For all that, Lemuel knew that the depression that filled him had little to do with the unexpected reaction to all the arrests. His home situation had continued to deteriorate and there was little there now to give him the peace and tranquility that he so badly needed. His mate, Onniel, refused to speak to him. She had not said a word to him for weeks now. She lived in silence, his attempts to address her ended by her walking away. His home was a cold and lonely place, unwelcoming and hostile. He had tried, he had tried hard. He had even stayed away from the Temple of Ceaseless Compliance for a few days in an effort to reconcile Onniel but the gesture had been ignored. The effort had actually made him ill and his return to the Temple had been the only thing that had calmed his spirit. Almost unconsciously, what had started as random wandering through the st
reets of the Eternal City was taking him there now.

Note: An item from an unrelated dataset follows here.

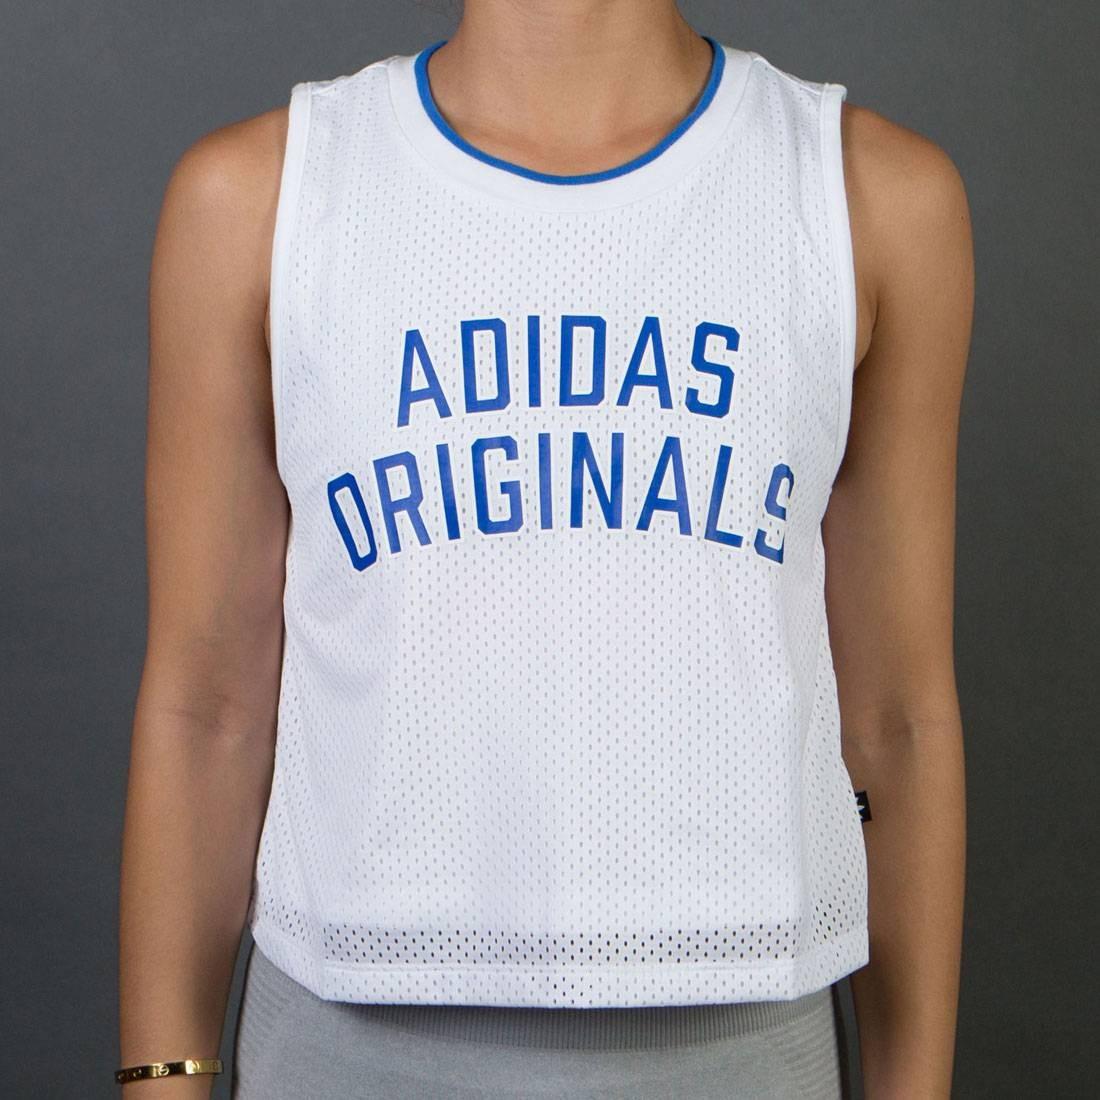 Adidas Women Adidas Original Tan Top T-Shirt (white)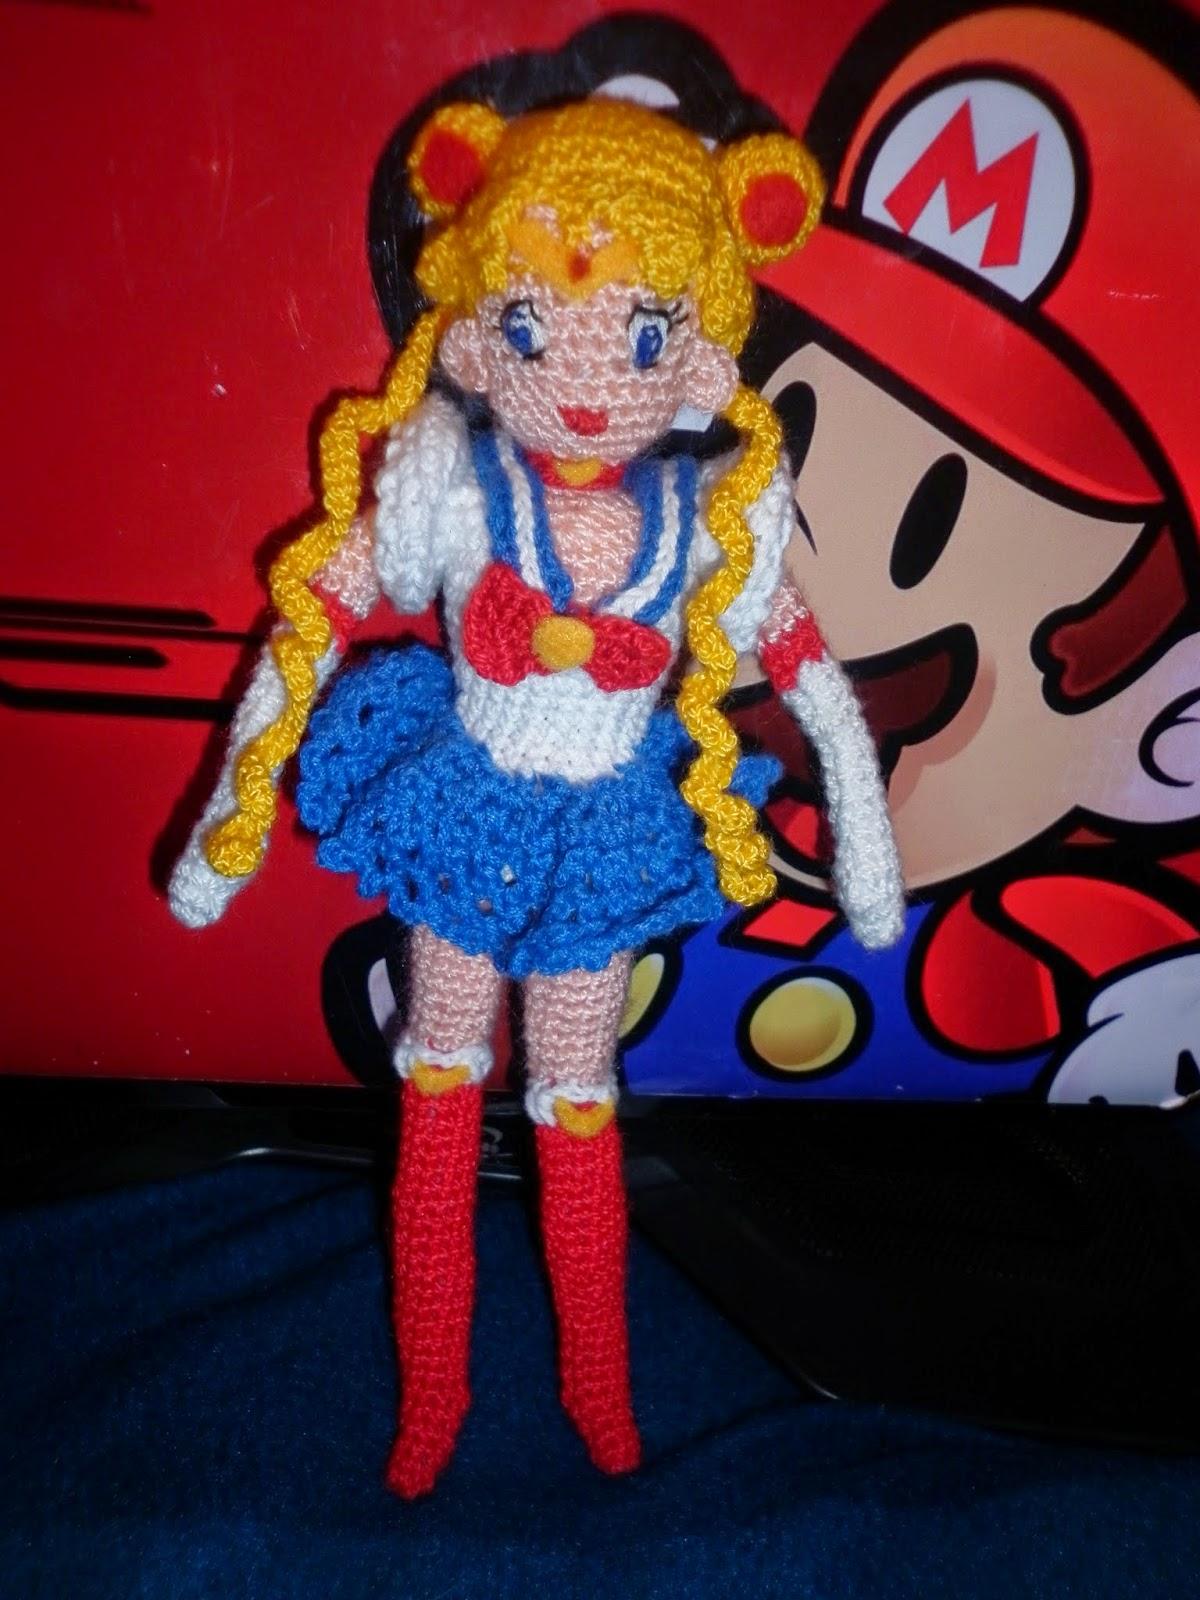 Amigurumi Anleitung Sailor Moon : Amigurumis kawai: Sailor Moon Amigurumi

“Your spirit is deeply troubled Brother?” Perpetiel-Lan-Paschar spoke with concern mixed with pride that he, a lowly Bene-Elohim, should be allowed to address such a distinguished Ophanim as ‘brother’. And the perception that the exalted Ophanim should have a troubled spirit was no surprise to him. A great deal of effort was being made to ensure than Lemuel’s spirit was as troubled as possible. Why, Perpetiel wasn’t quite sure, but there was no doubt that troubling Lemuel’s spirit was one of Michael-Lan’s higher priorities.
“It is, deeply so. The arrests today… . . ” Lemuel broke off, his words failing him.
“Ah, yes. Indeed, it is a sad day for the Host. That so many should have turned their faces from the True Path and neglected their duty to The One Above Us All. Truly, the spirit of the Eternal Enemy must have possessed them.” Perpetiel looked as if he was about to weep at the very concept.
Now that was an interesting thought. Lemuel’s mind lifted clear of the clouds of depression that enveloped it. His troubles had started with the death of Satan at the hands of humans. Had his malignant spirit, freed from his body, become more powerful in death than it could ever have been in life? Was it possessing members of the Angelic Host and leading them to perdition?
“It is not the arrests themselves, brother, that trouble me so. Sometimes, even the best-willed are led astray.” Careful, don’t hint that you include the congregation of the Temple of Ceaseless Compliance in that category. “It is the reaction of the Angelic Host itself. I had expected rejoicing and exultation that the threat to Our Almighty Father had been removed. Instead, I see fear and suspicion.”
As they had been speaking, Lemuel and Perpetiel had drifted off the street into the Temple itself. Unnoticed by Lemuel, Perpetiel had glanced around to ensure that the opiate-loaded scent baskets were in place and already filling the air with their sublime odor. “Brother, does this surprise you? The Eternal Enemy always has been sly and devious in his ways. If he is indeed dead and never to return, does it not surprise you that his successor would be of equal qualities? So the Host fear that they too, have been swept up into the net and deceived unknowingly. When they realize how much work the League of Holy Court has placed into hunting down all those afflicted, they will realize they are safe and their joy will become manifest.”